A good part of last week was spent getting my latest book, Women With Words: Female Journalists and Writers, Heads and Tales Volume 2, ready for publication on Amazon, Barnes & Noble, and other platforms.
This is the second compilation of articles and caricatures, many of which originally appeared in this newsletter. (Valuable hint: It would make a great present for your friends who are literary-minded.) The first volume of the series Heads and Tales is, of course, available on Amazon.
I am working to make the book available around the first of March.
Here is the blurb about it that you will see when it goes live:
The women in this volume of the Heads and Tales series have a way with words. They are remarkable women, all with remarkable and sometimes extraordinary stories.
Jim Stovall, in this volume, brings us his unique journalistic and artistic vision of women whose writings and lives were always notable, sometimes notorious, and occasionally astonishing. Some of these women, such as Louisa May Alcott, Edna St. Vincent Millay, and Eleanor Roosevelt, you will have heard of or read. Others will have receded—often unfairly—into the mists of history.
What you will find here about each of these women is something new—some part of their story that you had never known.

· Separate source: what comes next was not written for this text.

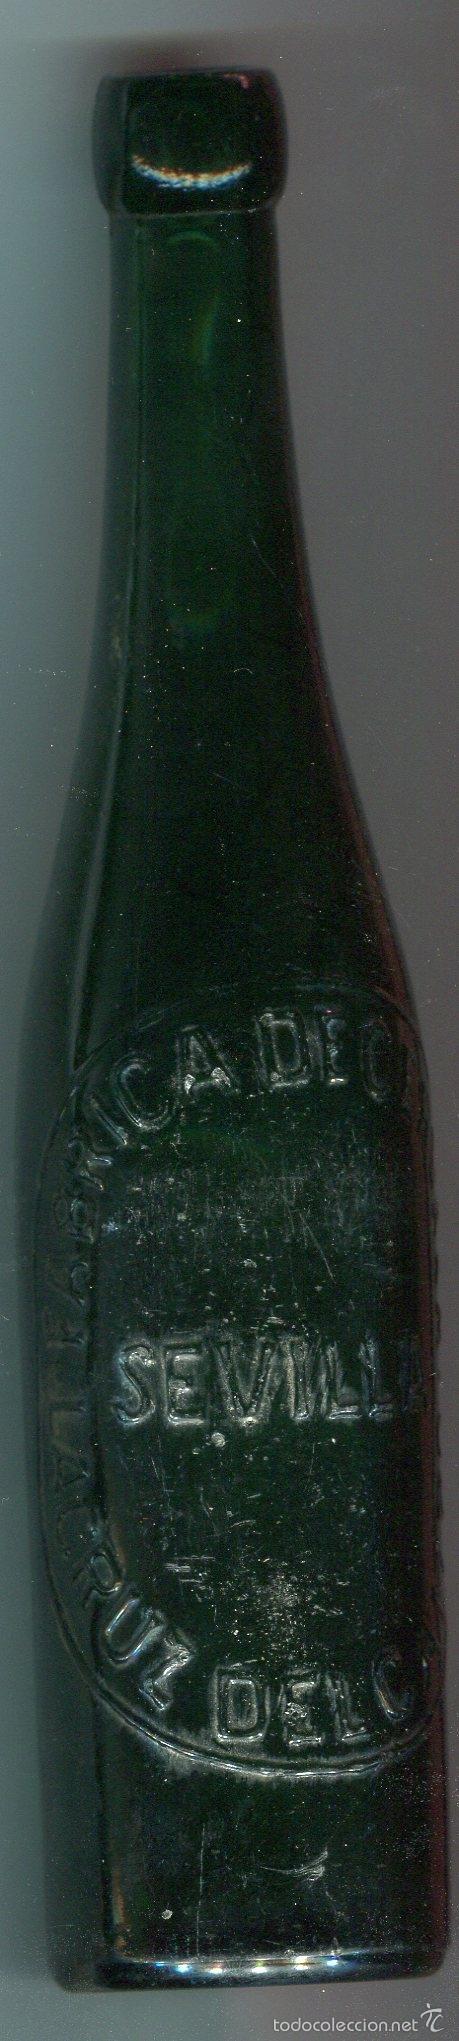 BOTELLA DE CERVEZA PRIMERA EPOCA (1904) LA CRUZ DEL CAMPO (SEVILLA) MARCA DE FABRICANTE ROMBO (Coleccionismo - Botellas y Bebidas - Botellas Antiguas)

Louisa May Alcott, famously the author of Little Women, was also A.M. Bernard, author of what was in her time known as the “blood and thunder” novel, the gothic sensationalism that many readers of her day craved. Such writing put food on her family’s table.
Aphra Behn, possibly the first female writer in English to make her living as a writer, was not only a popular playwright but also a spy for King Charles I.
Anne Brontë, the least well known of the Brontë sisters, wrote the most shocking and forward-looking feminist novel of them all—a novel that sister Charlotte hardily disapproved of.
Rachel Harding Davis, mother of the famous journalist and early 20th century heart-throb Richard Harding Davis, supported her family by writing some of the first American realism stories—decades before her male counterparts in the realism school took up their pens.
And we haven’t even gotten to page 25 yet.
There are many more such stories: the first female presidential candidate (far earlier than you might think); the first American detective novelist; the first voice from the White House that Americans heard after the bombing of Pearl Harbor. The list goes on and on.
And then there are the caricatures. These drawings by the author himself add insight and entertainment to this unique and powerful collection.
In addition to those women mentioned above, discover the stories of Helen Gurley Brown, Maxine Cheshire, Mary Mapes Dodge, Mary Anne Evans (George Elliot), Wanda Gág, Martha Gellhorn, Susan Glaspell, Anna Katharine Green, Angelina Grimké and Sarah Grimké (and their collaborator Theodore Weld), Fannie Lou Hamer, Lillian Hellman, Mary McCarthy, Marguerite Higgins, Emma Lazarus, Caroline Norton, Helen Kirkpatrick, Anne Ratcliffe, Catherine Parr, Mary Seacole, Elizabeth Cochran Seaman (Nellie Bly), Ida Tarbell, Dorothy Thompson, Mercy Otis Warren, Victoria Woodhull, and Mary King Ward.
Read and be entertained and delighted.